Daniel T Shumaker commented…

Very well written, expressed - and theologically correct. I, too, a recovering fundamentalist Pharisee, used to have a schizophrenic view of God. He was both an austere, aloof Father on the one hand who was just itching to crack me over the knuckles when I messed up, and on the other, a really nice but ineffectual guy who'd give a smiling shrug when hard times came. Like the mythological Janus, He was an aloof observer and superintendent of war and peace, with a dual personality.

But when the Apostle John said that God is love, he was also saying that love is what God is.
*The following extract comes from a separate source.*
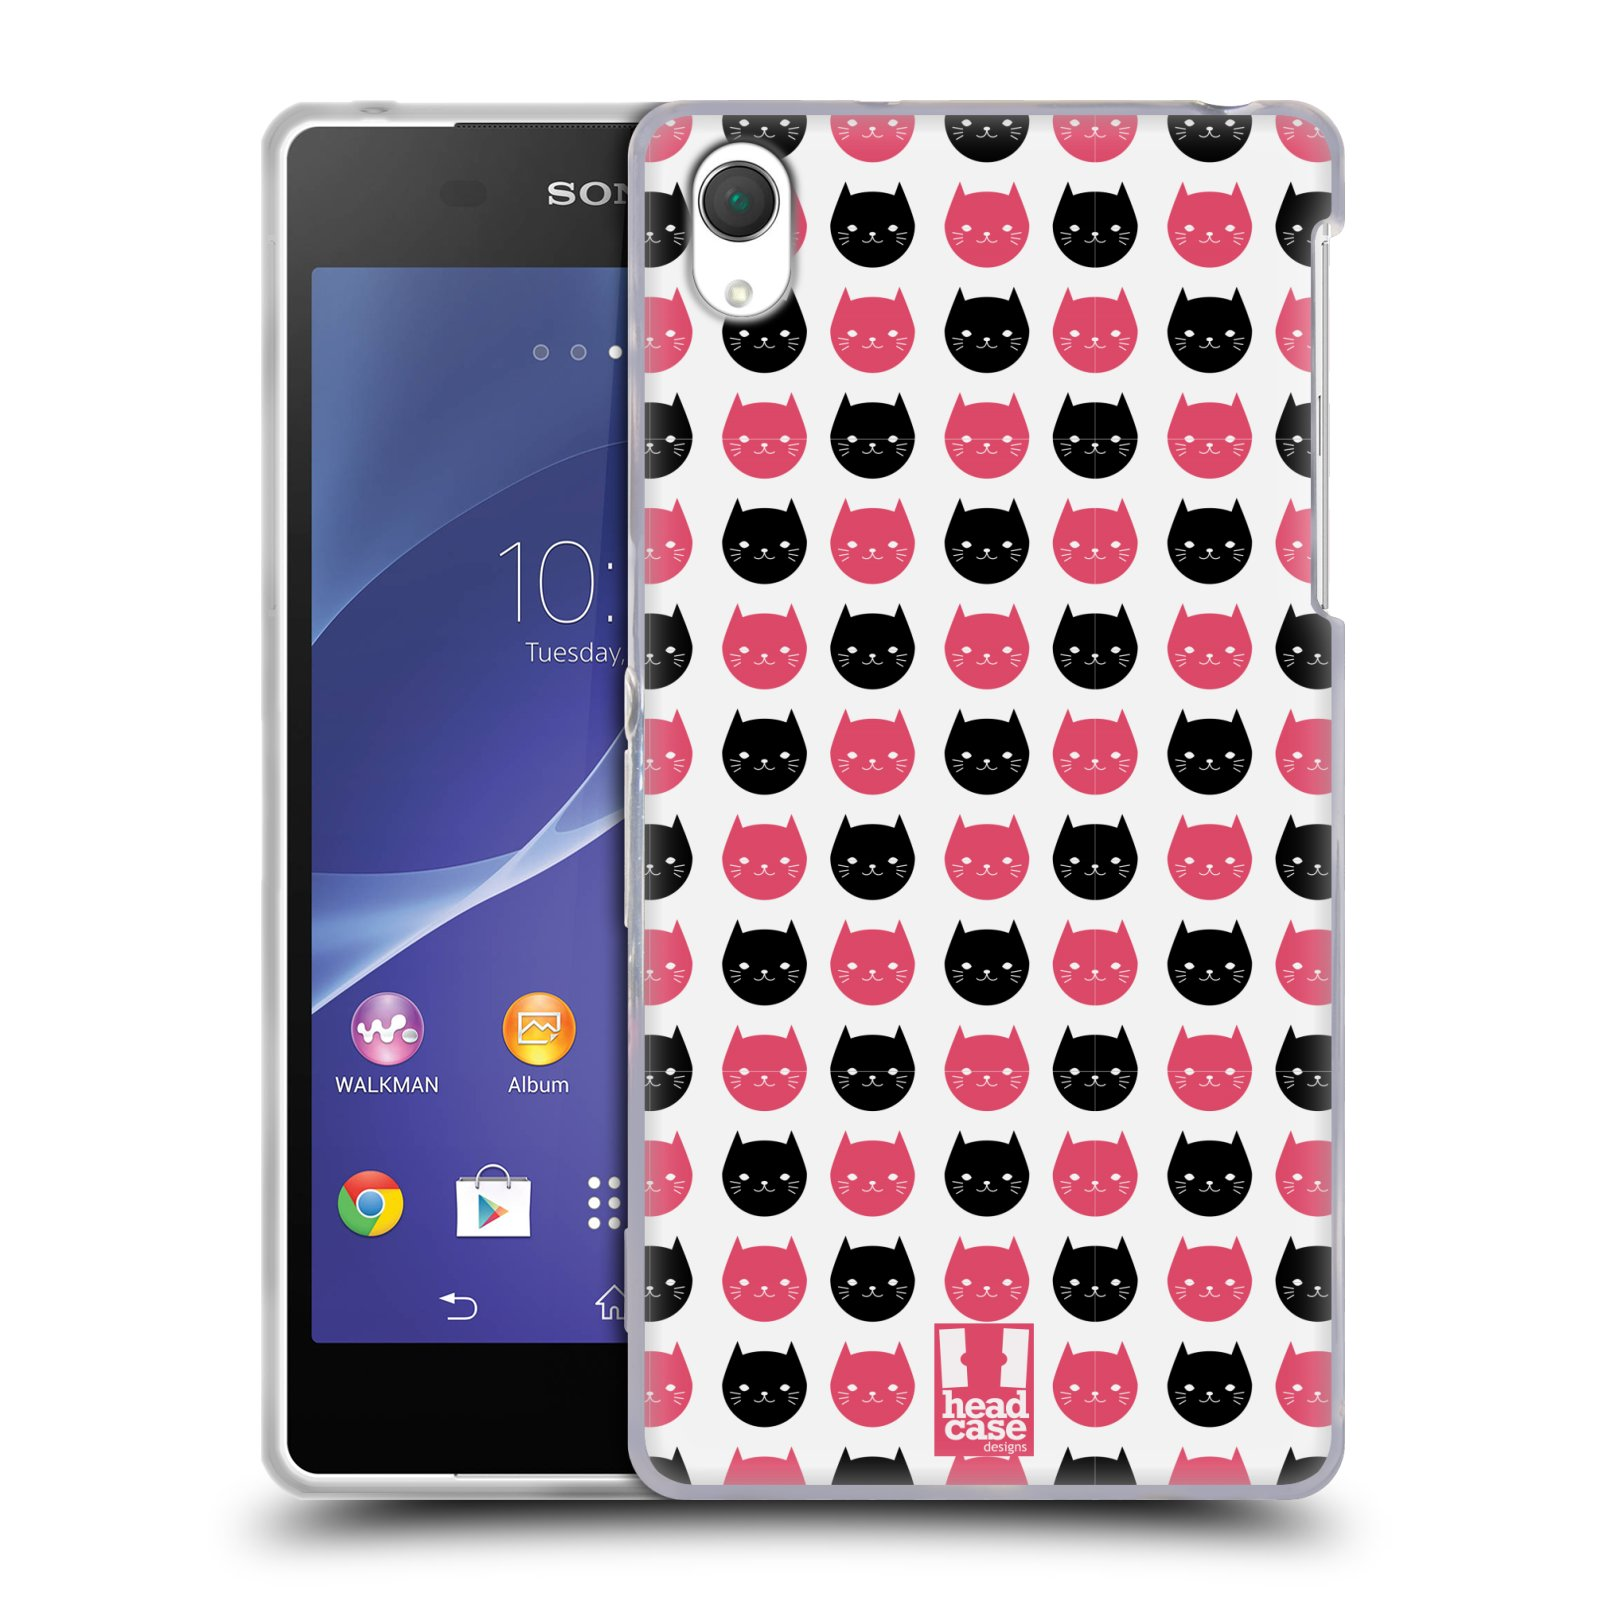 Silikonové pouzdro na mobil Sony Xperia Z2 D6503 HEAD CASE KOČKY Black and Pink (Silikonový kryt či obal na mobilní telefon Sony Xperia Z2)

God establishes love as a truth, a concept that is defined by what He is, how He is, what He's like.

He is not, as I believed, balancing Himself on the fulcrum of a see-saw, with love on one end and justice on the other, willfully tipping it to one side or the other in reaction to our actions or events, sometimes loving and sometimes judgmental. No, He is always loving. Even when He punishes the guilty, He is being loving - to the victims of guilty deeds and to the guilty, who have victimized themselves and His image in the process. Even when He allows the consequences of sin to impact subsequent generations, He is lovingly respecting the ability to choose with which He entrusted us. Whether we choose for Him or against Him, He knows that the love and obedience He desires so much for us to give Him must be freely given - as His love is to us - or it is compulsion and not love. And He values a free gift of love from us to Him so much that He is willing to risk our rejection of Him and all its terrible consequences, to ourselves and others.

So God is love; and love is what God is, how He behaves, what He's like - Who He is.

David Thorne

33

David Thorne replied to Daniel T Shumaker's comment

It's funny because if we say God's like a loving father it messes people up because of their own dads. But, if we think of God like a loving dog owner...people will buy that- because no one's mean to their dog. And people get that a dog owner loves their dog even when the dog is dumb! Just a thought. Www.refuelblog.com

Martin Cogburn

10

Martin Cogburn commented…

I've been guilty of # 3 many times. People can get downright angry when "defending" the gospel... which means they certainly aren't "living" it. For more info on simple steps to impact the culture check out "Straight Impact Introduction" @ www.straightimpact.org

Helen Birkbeck

1

Helen Birkbeck commented…

This is an excellent article, on a subject I have been struggling with for years, after starting life in a church that viewed God more as a sort of cosmic head teacher out to correct us than as a loving creator and father, and having had parents who judged me by what I did rather than who I was.

Ayana Taplin

8

Ayana Taplin replied to Helen Birkbeck's comment

I feel your pain. I too struggle with this even though I am now apart of a church with a more biblical view of God.